At the end of this step, you will have deployed the Agent Evaluation Review App which allows your stakeholders to test and provide feedback on your POC. Detailed logs from your stakeholder’s usage and their feedback will flow to Delta Tables in your Lakehouse.

RAG application proof of concept


See the GitHub repository for the sample code in this section.

Proof of concept RAG application

The first step in evaluation-driven development is to build a proof of concept (POC). A POC offers the following benefits:

  • Provides a directional view on the feasibility of your use case with RAG

  • Allows collecting initial feedback from stakeholders, which in turn enables you to create the first version of your Evaluation Set

  • Establishes a baseline measurement of quality to start to iterate from

Databricks recommends building your POC using the simplest RAG architecture and Databricks recommended defaults for each parameter.

This recommendation is because there are hundreds of possible combinations of parameters that you can tune within your RAG application. You can easily spend weeks tuning these, but if you do so before you can systematically evaluate your RAG, you end up in what is referred to as a POC doom loop–iterating on settings, but with no way to objectively know if you made an improvement—all while your stakeholders sit around impatiently waiting to review.

The POC templates in this cookbook are designed with quality iteration in mind. They are parameterized based on what the Databricks research team has shown are important to tune in order to improve RAG quality. These templates are not “3 lines of code that magically make a RAG”, but are a well-structured RAG application that can be tuned for quality in the following steps of an evaluation-driven development workflow.

This enables you to quickly deploy a POC, but transition quickly to quality iteration without needing to rewrite your code.

Below is the technical architecture of the POC application:

POC application architecture


By default, the POC uses the open source models available on Mosaic AI Foundation Model Serving. However, because the POC uses Mosaic AI Model Serving, which supports any foundation model, using a different model is easy - simply configure that model in Model Serving and then replace the embedding_endpoint_name and llm_endpoint_name in the 00_config notebook.

Steps to deploy a POC to collect feedback

The following steps show how to run and deploy a POC generative AI application. After you deploy you get a URL to the review app that you can share with stakeholders to collect feedback.

  1. Open the POC code folder within A_POC_app based on your type of data:

    If your data doesn’t meet one of the above requirements, you can customize the parsing function (parser_udf) within 02_poc_data_pipeline in the above POC directories to work with your file types.

    Inside the POC folder, you see the following notebooks:

    Notebooks files


    These notebooks are relative to the specific POC you’ve chosen. For example, if you see a reference to 00_config and you’ve chosen pdf_uc_volume, you can find the relevant 00_config notebook at A_POC_app/pdf_uc_volume/00_config.
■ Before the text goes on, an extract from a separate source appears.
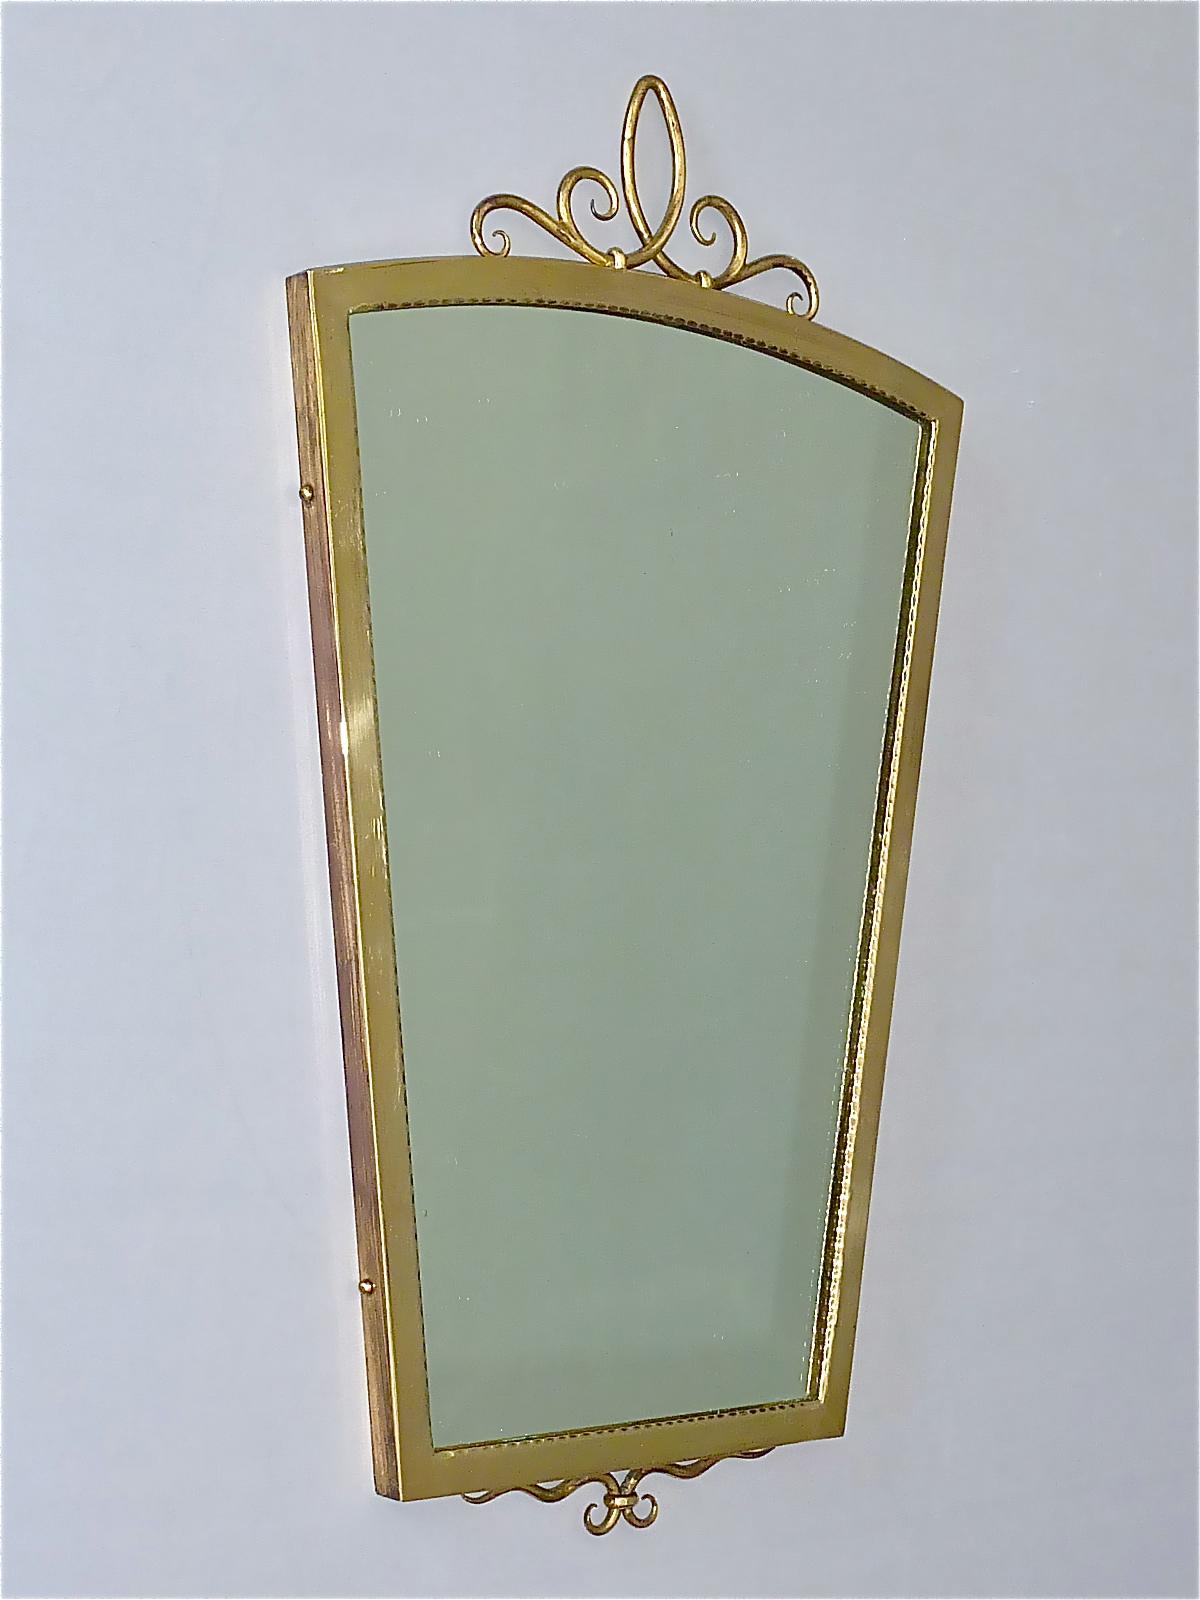 Rare Midcentury Gio Ponti attribution Italian Wall Mirror Gilt Brass Glass 1950s For Sale 1

  2. Optionally, review the default parameters.

    Open the 00_config notebook within the POC directory you chose above to view the POC’s applications default parameters for the data pipeline and RAG chain.


    The Databricks recommended default parameters are not intended to be perfect, but are a place to start. The next steps of this workflow guide you through iterating on these parameters.

  3. Validate the configuration.

    Run the 01_validate_config to check that your configuration is valid and all resources are available. The rag_chain_config.yaml file appears in your directory, which is used to deploy the application.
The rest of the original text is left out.